閉館直前まで遊んでいた兄さんは疲れ果てていて、僕に容易に引っ張られていた。



―――

「兄さん、疲れたよお...。」

「しょうがないなあ、海は」

「兄さんが悪いんだよお...。」

「そうか?」


ピーンポーン

「なんだろう?ちょっと行ってくる」

「気をつけろよー」

「兄さんじゃあるまいし」

「なんだと!?」



「...義伯父さん」

「ああ、海か。ってことは、信は寝てるのか?」

「いや、兄さんは起きてるよ。ただ、兄さんが遊園地で遊びすぎちゃって...。」

「ああ、アリスみたいになったって事か」

「アリス...?伯母さんの事?」

「うーん...。あってるけど、少し違うかな」

「どういう事?」

「そんな事より、海。お前に渡した奴だが、それの改良版を持ってきたから。

それも二つだ。信と一緒にやるといい」

「...分かった。じゃあ、テスト機は返すね!」

「......ああ。
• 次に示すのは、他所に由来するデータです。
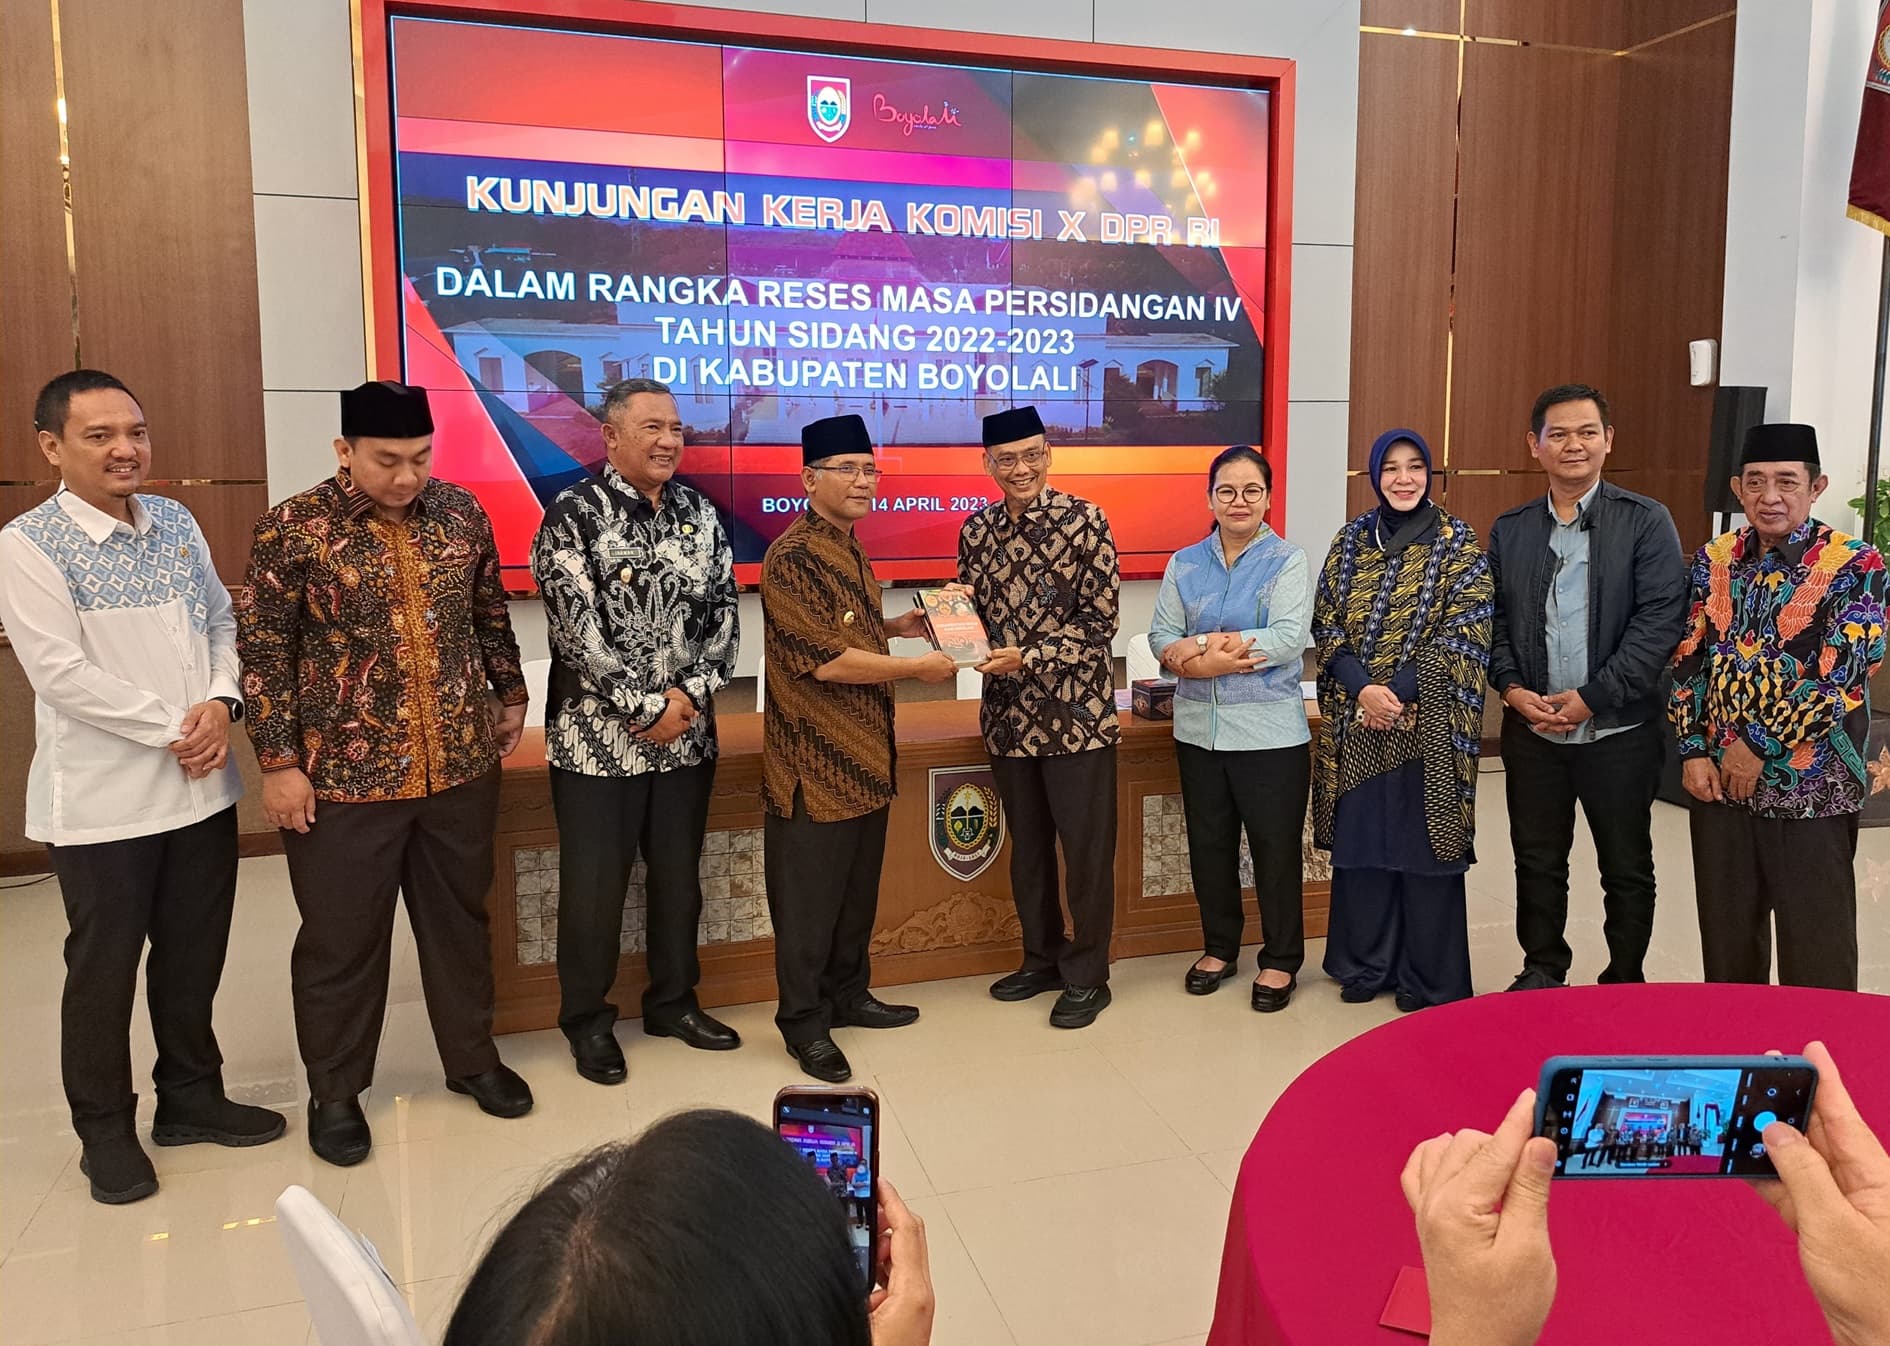 Kunjungan Kerja Komisi X DPR RI Pada Masa Reses Masa Persidangan IV Tahun Sidang 2022-2023 di Kabupaten Boyolali, Jawa Tengah

...」


多少義伯父さんの歯切れが悪かったけど、多分気のせいだと思う。





―――

「やー、楽しかったね、トルーパーアイⅢ!」

「だな、それで、次は何を買いに行く!

俺は楽しみだ!」

「...そうだね」


僕達は久しぶりに近くの街に買い物に来ていた。

兄さんはこういう所に来ると、必ずはしゃぐ。

子供じゃないんだし...。と言いたくなるけど、実際見た目は子供っぽいし、精神年齢自体は幼いんじゃないかとも思ってる。





「さあ、かえろう」

「ああ、流石に疲れた...。」

「そりゃ、一日中居たらね」


僕達は器用にモノを持っていた。

両手では持ち切れずに、腕の間やその持ち物の上にのせて持っている。何とか視界は確保されている為、轢かれる事は無いだろう―――と思っていた。



遠くから、車の音が聞こえてくる。

でも、僕達は青信号でわたっているから大丈夫だと思っていた。



でも、その車はそのまま迫ってきて―――。



僕は気付いたら、草原にいた。

その横には、兄さんをそのまま女の子にしたような人がいた。